One alternative to building new lines is re-conductoring existing transmission corridors with
lines able to carry larger currents. However, re-conductoring does not reduce the system
demand for reactive power. In fact, re-conductoring will generally increase reactive power
consumed by the system, as reactive power used by the system is proportional to the square of
line current. However, re-conductoring in combination with series compensation can provide
a superior means of increasing power flow over existing rights-of-way.
Since the mid 1990s, controllable series compensation technology is available on the market,
i.e. thyristor controlled series compensation (TCSC). This technology opens up new
applications.
One example is that effective interconnections of power systems can be accomplished by
means of AC (previously only feasible with HVDC technology). When strong isolated power
systems are interconnected, power oscillations may appear between the power systems; for
instance, upon the disconnection of generation. By applying TCSC technology on the
interconnecting line(s), and controlling it to effectively mitigate these power oscillations, the
power exchange between the systems is maintained safely.
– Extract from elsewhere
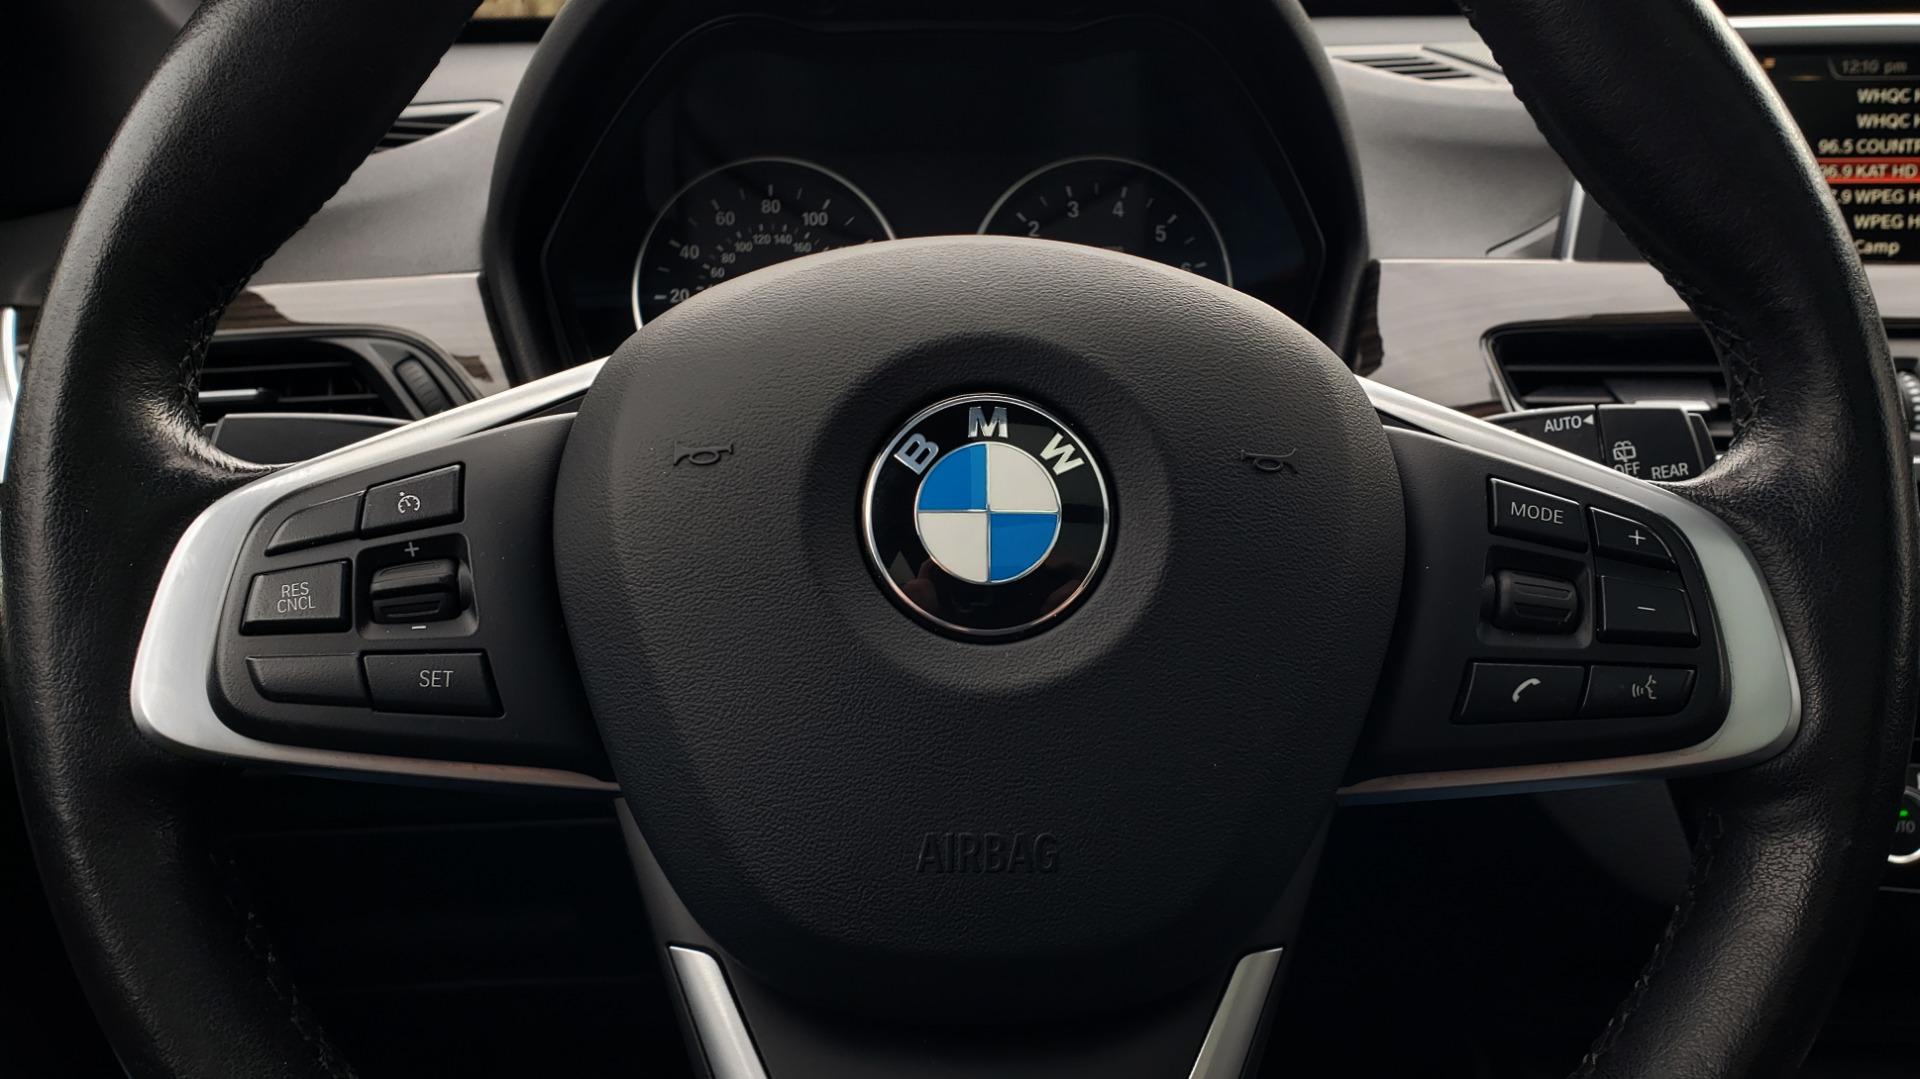 Used 2017 BMW X1 XDRIVE28I / PREM PKG / DRIVER ASST / NAV / CLD WTHR for sale Sold at Formula Imports in Charlotte NC 28227 41
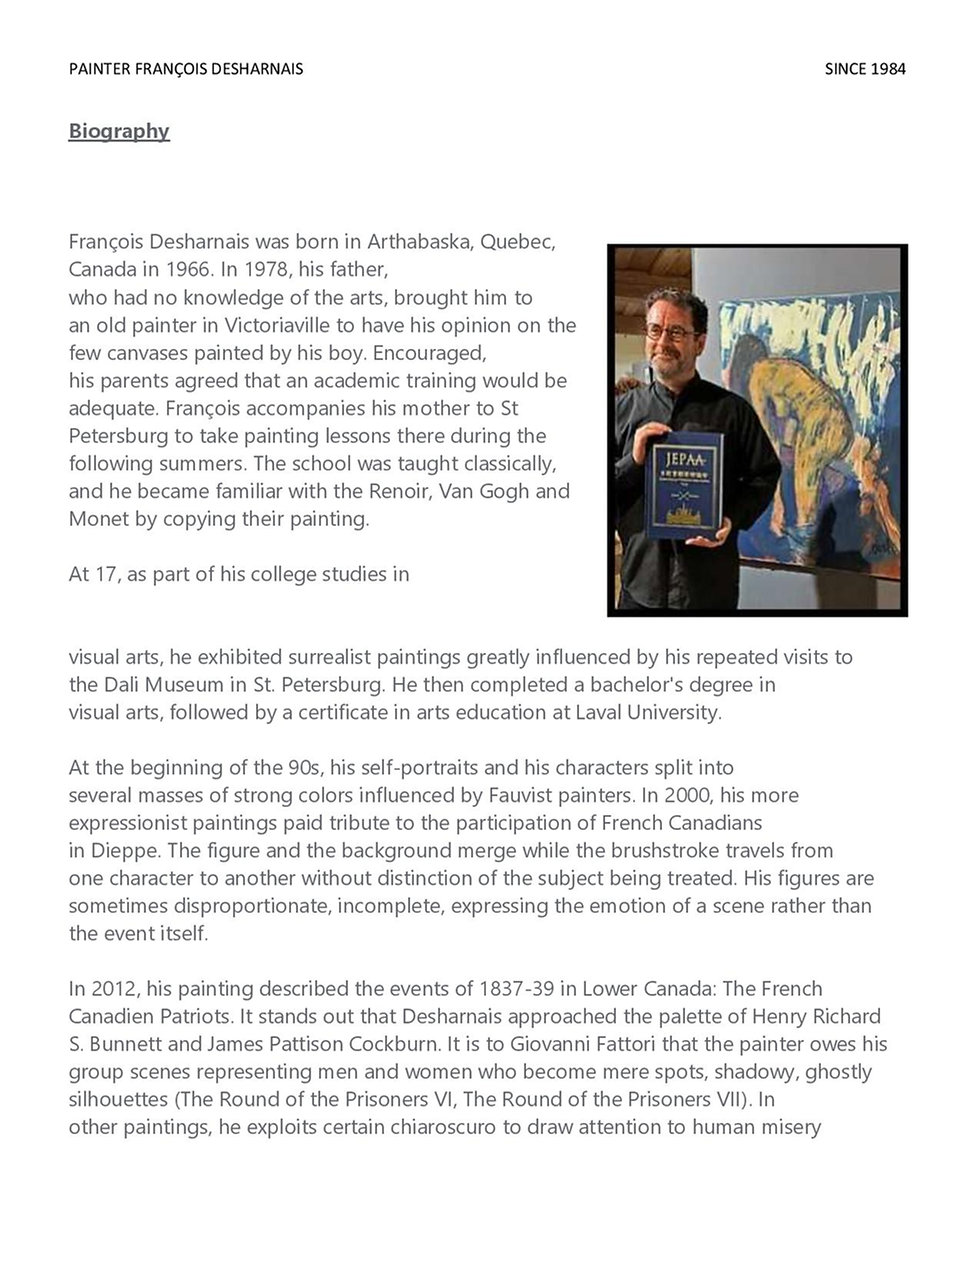 Biography-page-001.jpg

Another important application for TCSC is the situation where a high degree of compensation
(ratio between the series capacitor reactance and the line reactance) is required in conjunction
with thermal generation. This combination might lead to interactions between the mechanical
eigenfrequency of the generator and the electrical eigenfrequency of the power system,
normally called sub-synchronous resonance (SSR). For these applications, TCSC technology
will mitigate the sub-synchronous resonances, and power transmission continues unaffected.